Paytm Mall an E-commerce platform suffered a huge data breach. A cybercrime group by the name ‘John Wick’ got unrestricted access to the company’s entire database as per Cyble Inc.
As per Cyble Inc, ‘John Wick’ broke into many Indian companies earlier.
According to Cyble, its sources also forwarded them messages where the perpetrator claims to have demanded 10 Ethereum (ETH), equivalent to $4,000 and is receiving the ransom payment from the Paytm Mall.
The group uses ‘grey-hat’ hacker tactics and provides help to companies or victims to fix their bugs, as per a report by Cyble.
A ‘grey hat’ is a computer hacker who looks for vulnerabilities in platforms and systems, without the owner’s knowledge and asks for a fee to fix the issue.
However, Paytm Mall denied the claim and said that there were no data breaches as detected by their internal cybersecurity teams.

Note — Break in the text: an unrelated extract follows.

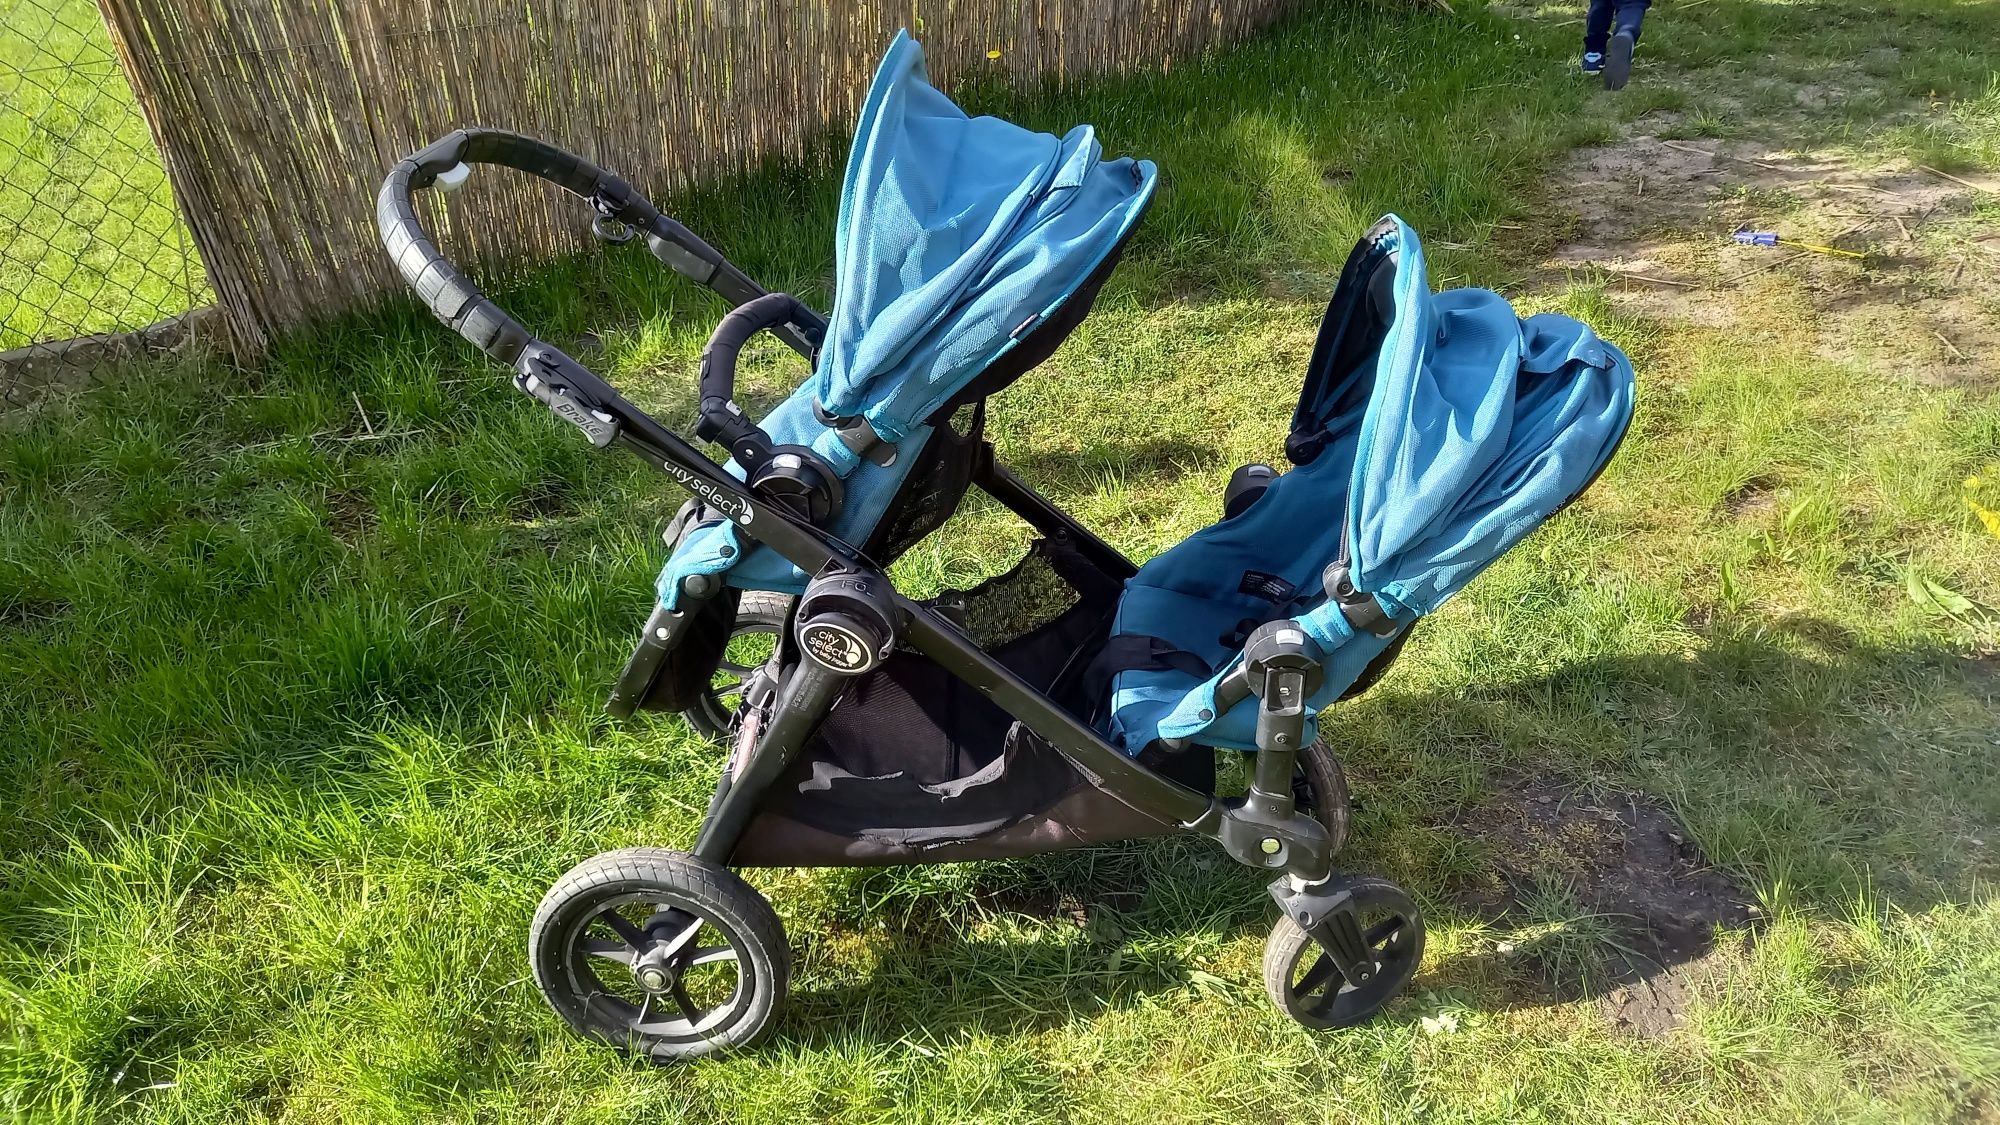 Wózek baby jogger city select dla bliźniaków lub rok po roku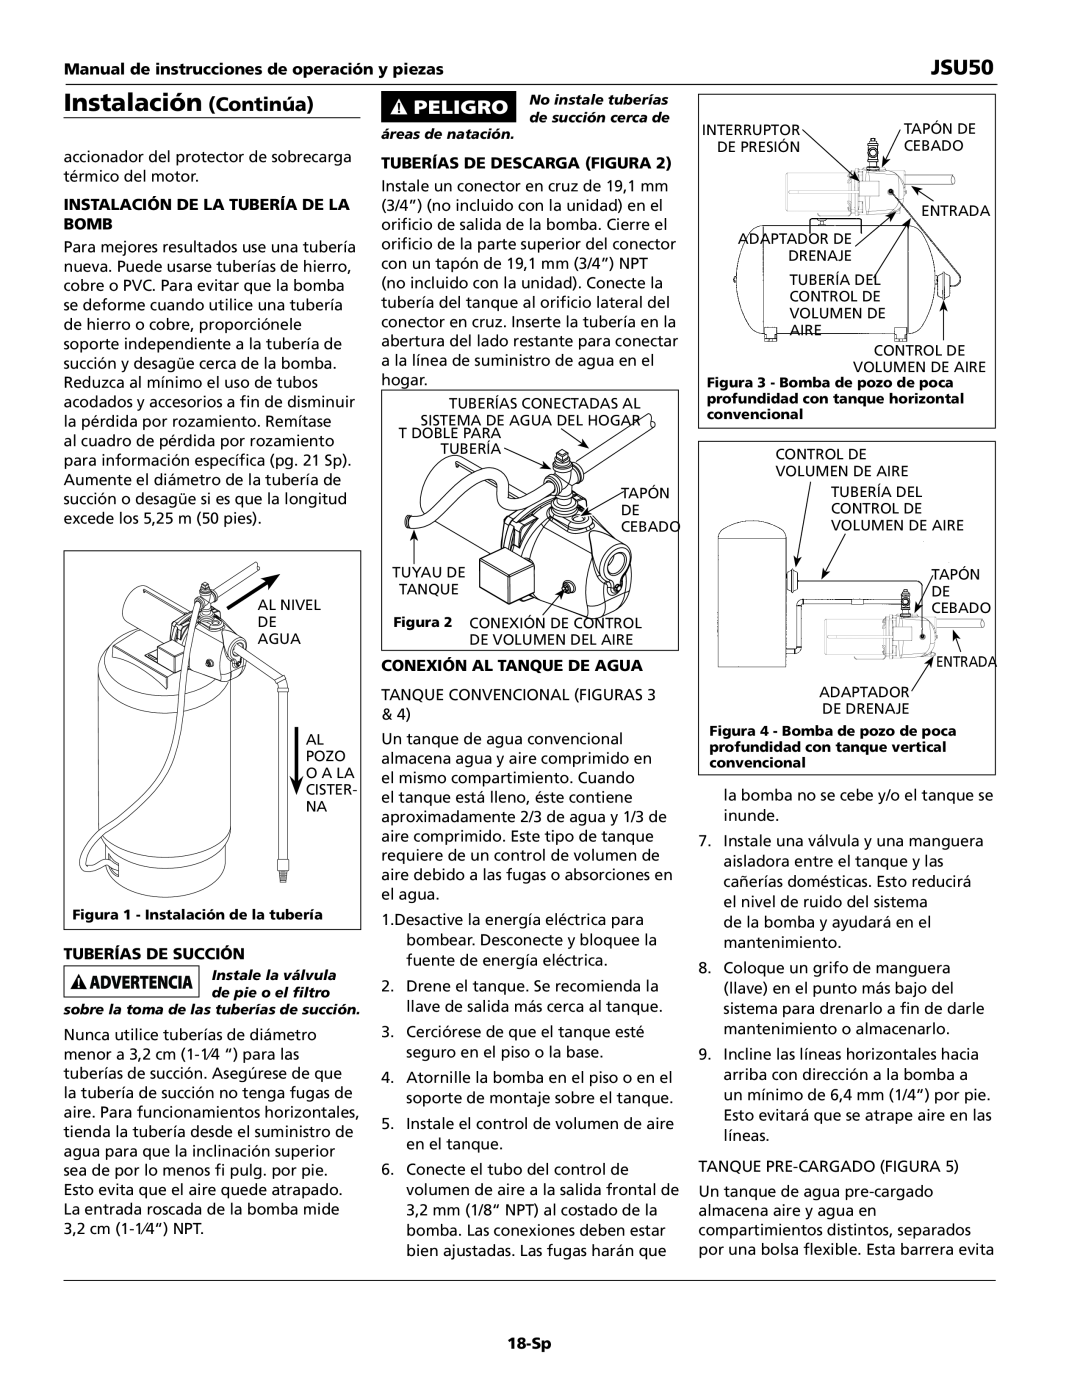 Wayne JSU50 Instalación Continúa, Manual de instrucciones de operación y piezas, tuberÍas de descarga Figura, bomb, 18-Sp

“We would like to assure that all user as well as company data is completely safe and secure. We invest heavily in our data security, as you would expect. We have been investigating the claims of a possible hack and data breach, and haven’t found any security lapses yet. We also have a Bug Bounty program, under which we reward responsible disclosure of any security risks. We extensively work with the security research community and safely resolve security anomalies,” said a Paytm Mall spokesperson.
India faced several data breaches earlier. In May, Truecaller records of Indian users were also put up on sale on the dark web. In January 2019, Amazon India accepted that they had a technical glitch which resulted in the exposure of tax reports of other sellers, in an attempt to download their Merchant Tax Reports for December 2018.
Recently, Mint also reported that North Korea- backed Lazarus group was planning a cyberattack to target 2 million individual email IDs belonging to users in India, according to cyber intelligence firm Cyfirma.